# Back home again



## Black Beard (Jan 25, 2001)

Hi all - just a quick post to let you know I arrived home safely with no glitches after spending quality time with a wonderful group of people. What more can I say, it was a privilege to meet and spend time with yaw’l. I only hope you enjoyed it a much as I did. 

Just about jet lagged out now so God bless all. Until I arise again like a phoenix from the ashes of an exhausted man may your casts all be long, straight and safe. BB


----------



## Ralph (Aug 1, 2002)

*backcastnig tips...*

neil, thanks for the reel. as soon as i get some line on it, look out. your observations of my backcaster were very encouraging. see you in the record books. 

ralph


----------



## longcaster (Oct 3, 2000)

*Glad You Made It Home Safe*

Thanks for making it all possible!

Looking forward to catching fish in the Spring!


----------



## Larry (Apr 17, 2002)

*Many Thanks!!!*

Neil, My wife and I say thank you for your help.  Larry.


----------



## GORD4862 (Jan 7, 2003)

Hello there smoking partner!
Thanks for the instruction-great time.
Can I bother you to tell me where I might find a kit that
might contain all those goodies you use to make those
nice fishing rigs? I saw one on the Veals website, would you 
recommend it?
Thanks again 
Gordon


----------



## Black Beard (Jan 25, 2001)

Hi Gordon - good to meet you too. 
Okay, rigs: the kit will be fine, but it will NOT have the double crimps I use. My local shop does have them however as we sort of figured the double crimp thing out together. I can get them to put a starter pack together complete with the double crimps, but you will need the right pliers.
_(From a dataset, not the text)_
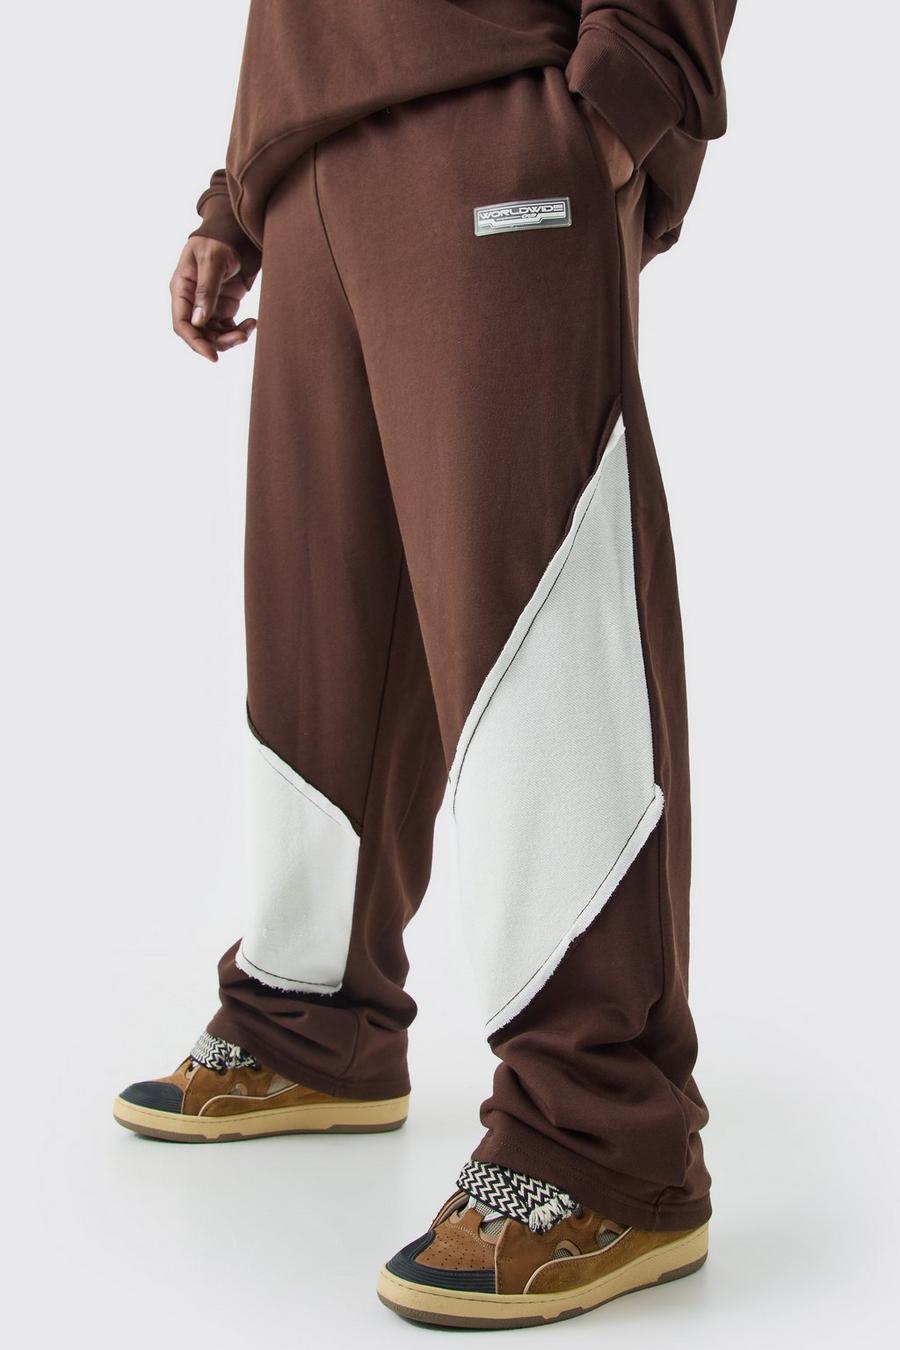 Pantaloni tuta Plus Size rilassati con pannelli arricciati sul retro e fondo grezzo, Chocolate

Cabela and Bass Pro have them but they are around $30 a pair.
Anyone else want a set of bits I can get them done at the shop - Marsh Tackle - in a few days. 
Sugestion, I will sort out a set of bits to make a selection of say three different traces, four of each and cost it out excluding the pliers and mono and get back in a day or so. I will also throw in som line drawings of rigs I use. 
Being away is great but getting back to a pile of work is a pain! Take care all - BB


----------



## jedi_angler (Jul 5, 2003)

*Count me in.*

Will order a set when you have the details sorted out.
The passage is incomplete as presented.